*** Data supplied Section Begins ***

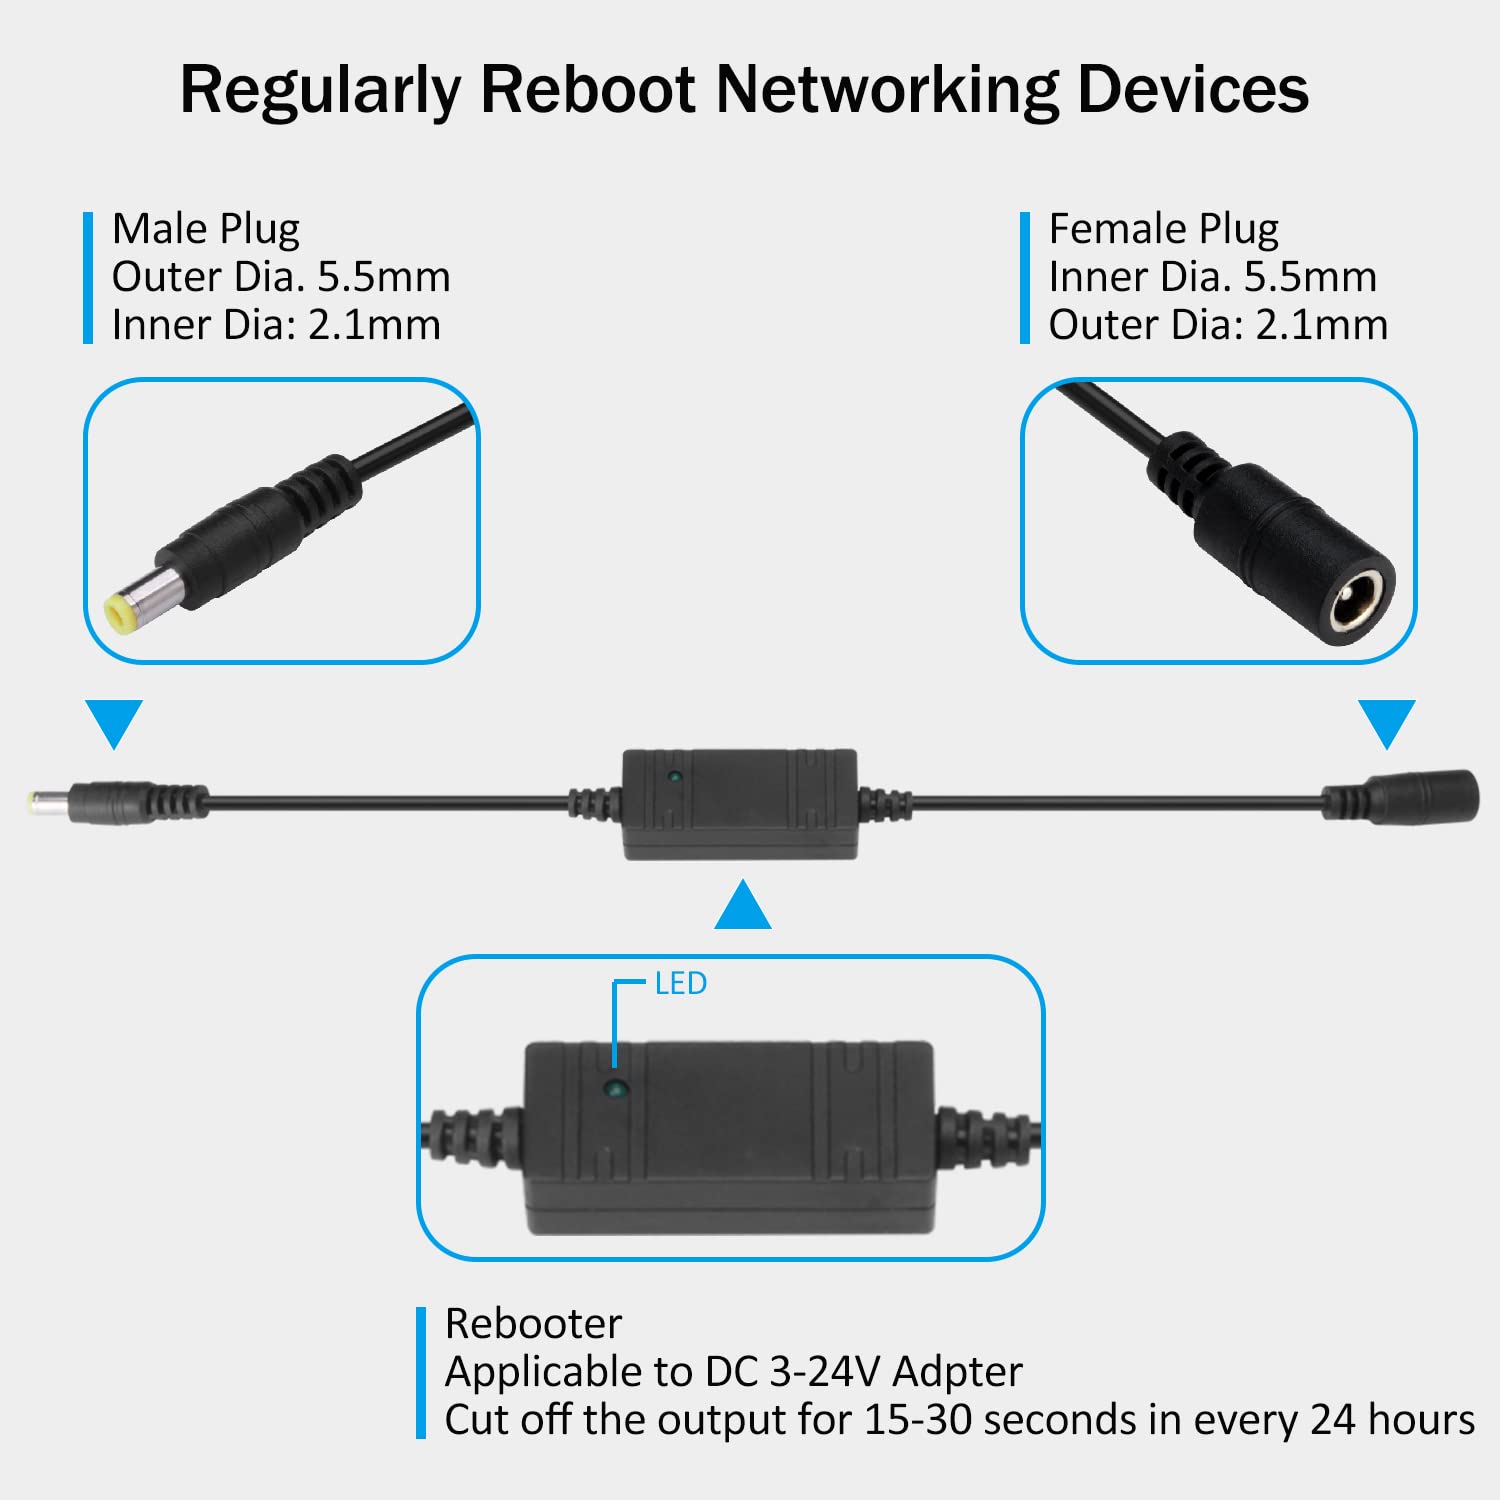 Unplug router for 30 seconds and then plug back in
Reset router to factory settings
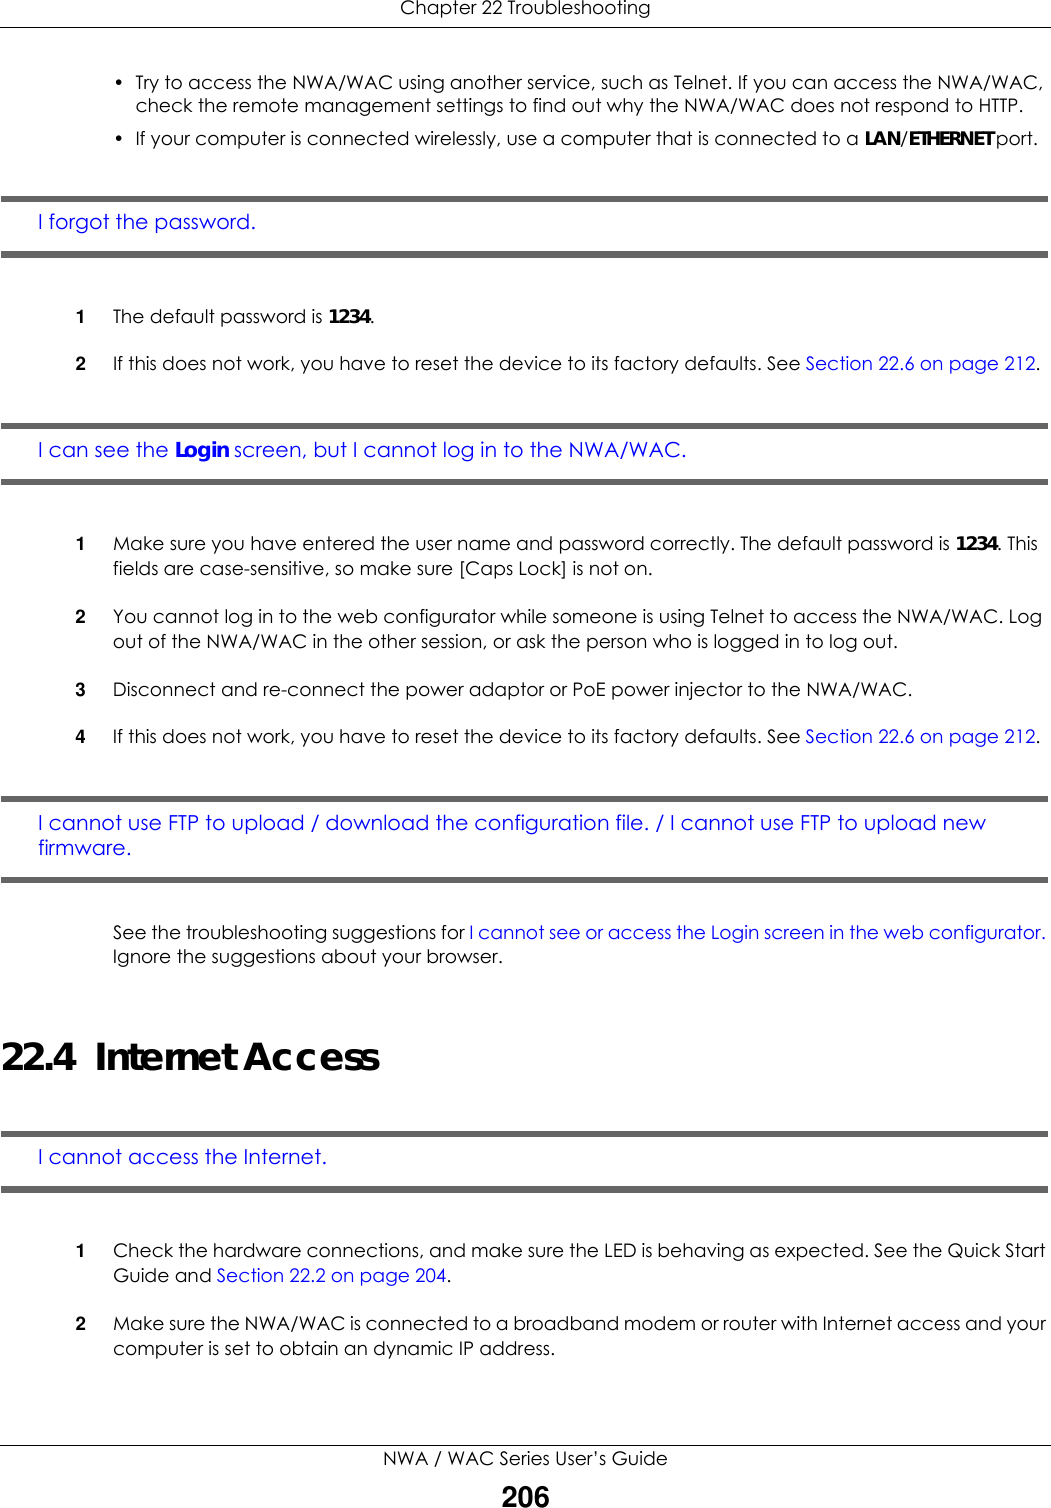 Chapter 22 TroubleshootingNWA / WAC Series User’s Guide206• Try to access the NWA/WAC using another service, such as Telnet. If you can access the NWA/WAC, check the remote management settings to find out why the NWA/WAC does not respond to HTTP. • If your computer is connected wirelessly, use a computer that is connected to a LAN/ETHERNET port.I forgot the password.1The default password is 1234.2If this does not work, you have to reset the device to its factory defaults. See Section 22.6 on page 212.I can see the Login screen, but I cannot log in to the NWA/WAC.1Make sure you have entered the user name and password correctly. The default password is 1234. This fields are case-sensitive, so make sure [Caps Lock] is not on.2You cannot log in to the web configurator while someone is using Telnet to access the NWA/WAC. Log out of the NWA/WAC in the other session, or ask the person who is logged in to log out.3Disconnect and re-connect the power adaptor or PoE power injector to the NWA/WAC. 4If this does not work, you have to reset the device to its factory defaults. See Section 22.6 on page 212.I cannot use FTP to upload / download the configuration file. / I cannot use FTP to upload new firmware. See the troubleshooting suggestions for I cannot see or access the Login screen in the web configurator. Ignore the suggestions about your browser.22.4  Internet AccessI cannot access the Internet.1Check the hardware connections, and make sure the LED is behaving as expected. See the Quick Start Guide and Section 22.2 on page 204.2Make sure the NWA/WAC is connected to a broadband modem or router with Internet access and your computer is set to obtain an dynamic IP address.
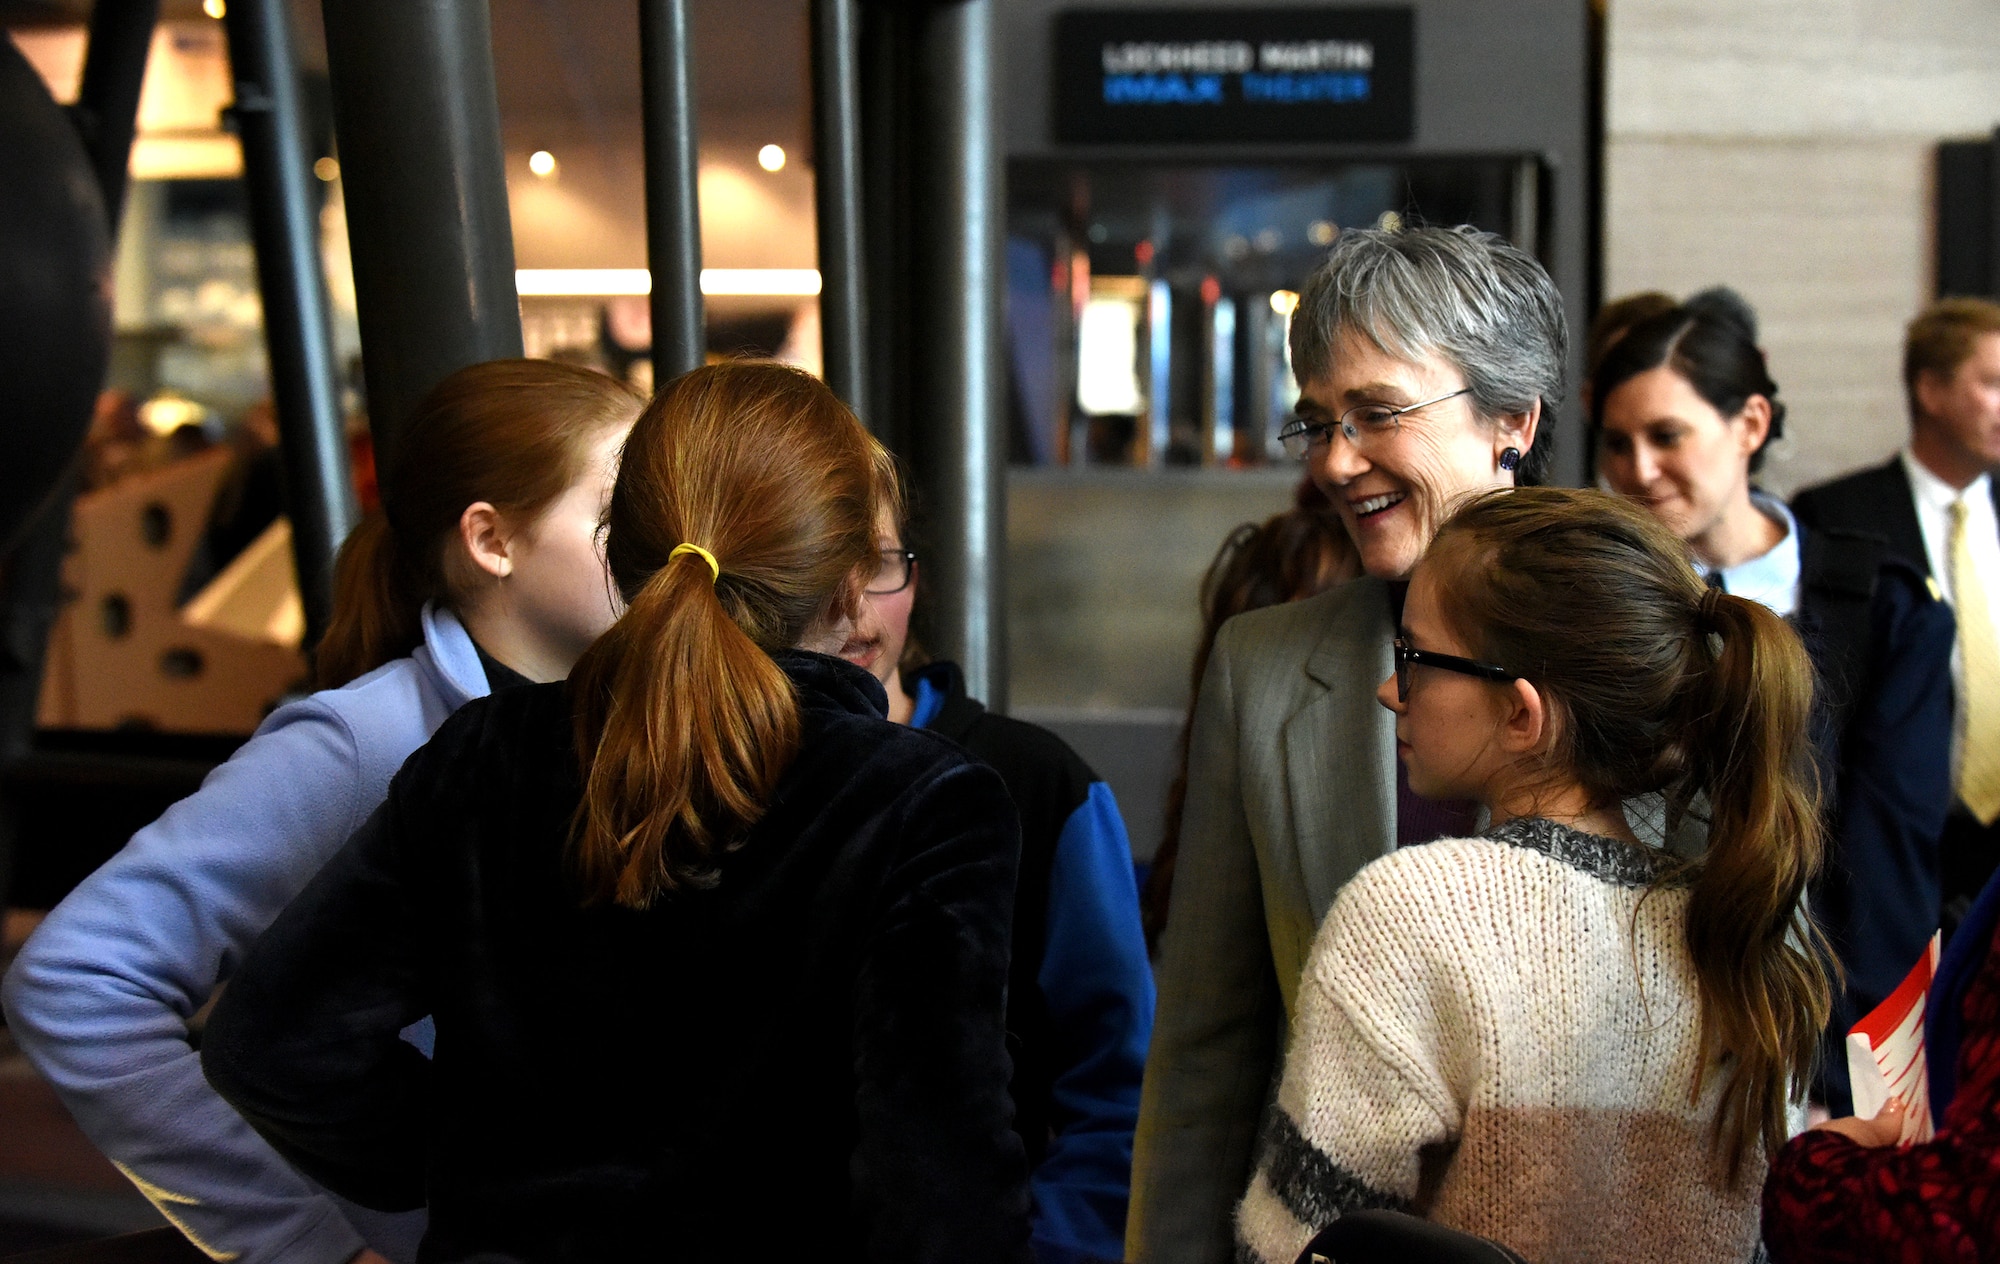 Secretary of the Air Force Heather Wilson tours the STEM demonstration prior to a screening of the movie “Captain Marvel” in Washington, D.C., March 7, 2019. The demonstration was held to inspire children to serve in the Air Force or STEM-related careers. (U.S. Air Force photo by Staff Sgt. Rusty Frank)
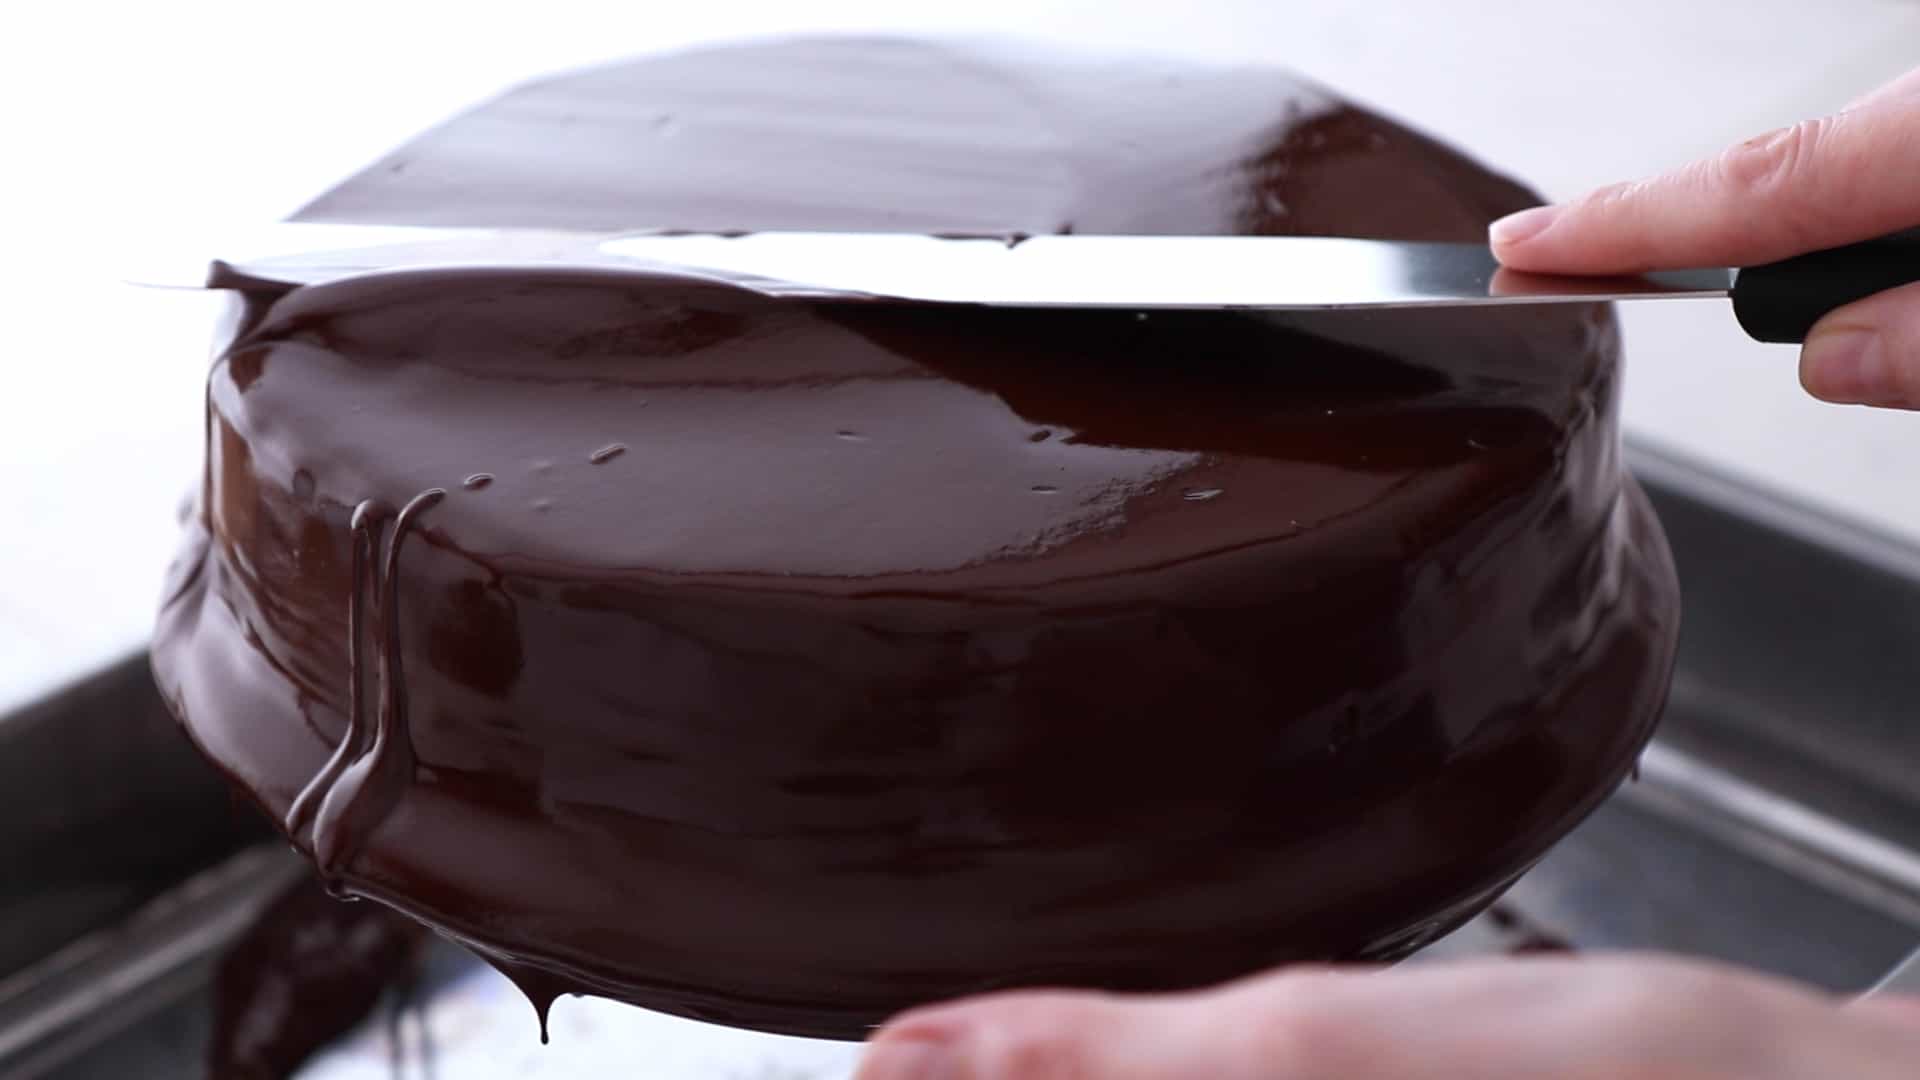 Spreading chocolate glaze over the cake with a long spatula

*** Data supplied Section Ends ***

(Problem details):
Write out the lines of the entries above exactly, beginning with the first and ending with the line that contains "Reset router to factory settings". No picture goes in.

(Solution to the exercise):
 Unplug router for 30 seconds and then plug back in
Reset router to factory settings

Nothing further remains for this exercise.